Filter two tables with crosstalk

I am creating a Flexdashboard in R. I want the dashboard to contains both a table and a series of visualizations, that would be filtered through inputs.
As I need to deliver a dashboard locally (without a server running in the background), I am unable to use Shiny, hence I rely on crosstalk.
I know that the crosstalk package provides limited functionality in the front-end. For instance, the documentation says that you can't aggregate the SharedData object.
Nonetheless, I am not clear if I can use the same inputs to filter two different dataframes.

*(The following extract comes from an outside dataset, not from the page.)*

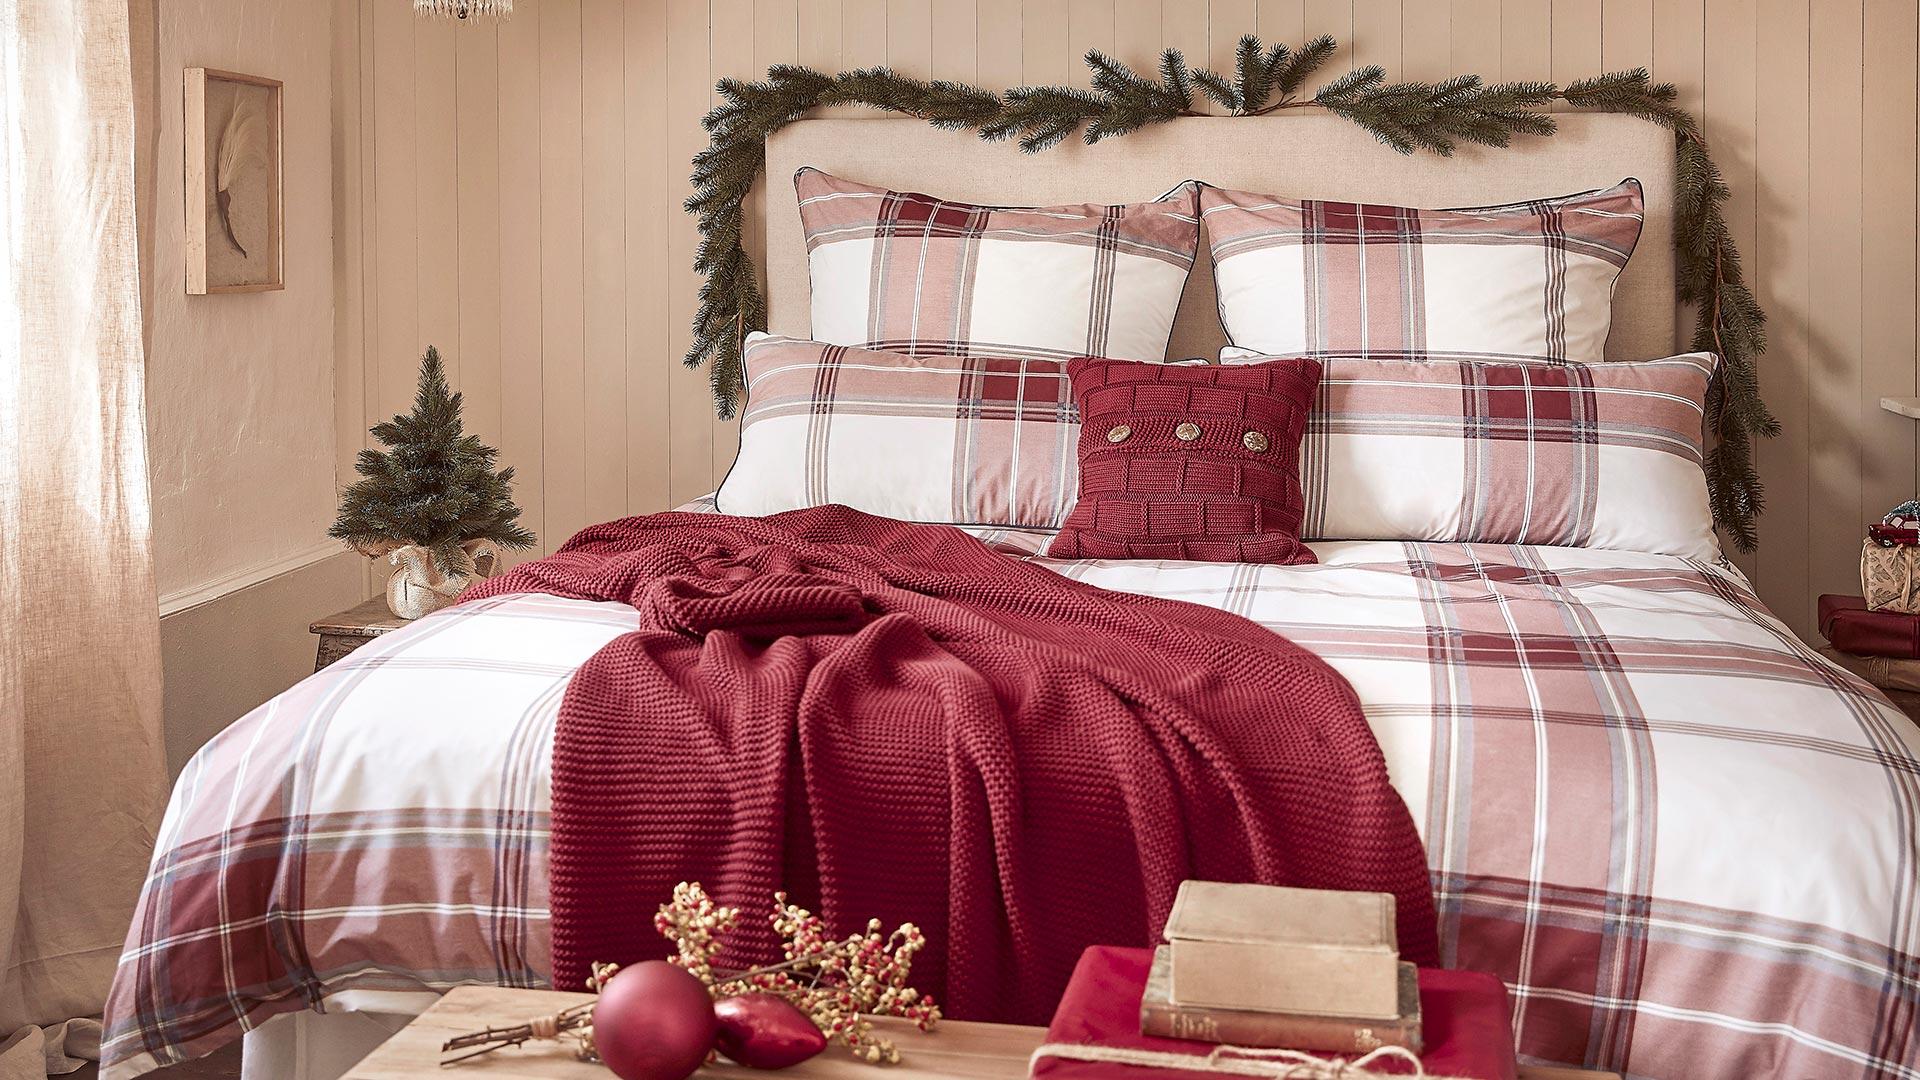 Natale in camera

For example, lets say I have:
Dataframe One: Contains original data
df1 <- structure(list(owner = structure(c(1L, 2L, 2L, 2L, 2L), .Label = c("John",
"Mark"), class = "factor"), hp = c(250, 120, 250, 100, 110),
car = structure(c(2L, 2L, 2L, 1L, 1L), .Label = c("benz",
"bmw"), class = "factor"), id = structure(1:5, .Label = c("car1",
"car2", "car3", "car4", "car5"), class = "factor")), .Names = c("owner",
"hp", "car", "id"), row.names = c(NA, -5L), class = "data.frame")
Dataframe Two: Contains aggregated data
df2 <- structure(list(car = structure(c(1L, 2L, 1L, 2L), .Label = c("benz",
+ "bmw"), class = "factor"), owner = structure(c(1L, 1L, 2L, 2L
+ ), .Label = c("John", "Mark"), class = "factor"), freq = c(0L,
+ 1L, 2L, 2L)), .Names = c("car", "owner", "freq"), row.names = c(NA,
+ -4L), class = "data.frame")
These two dataframes contain columns with identical values - car and owner. As well as, additional columns too.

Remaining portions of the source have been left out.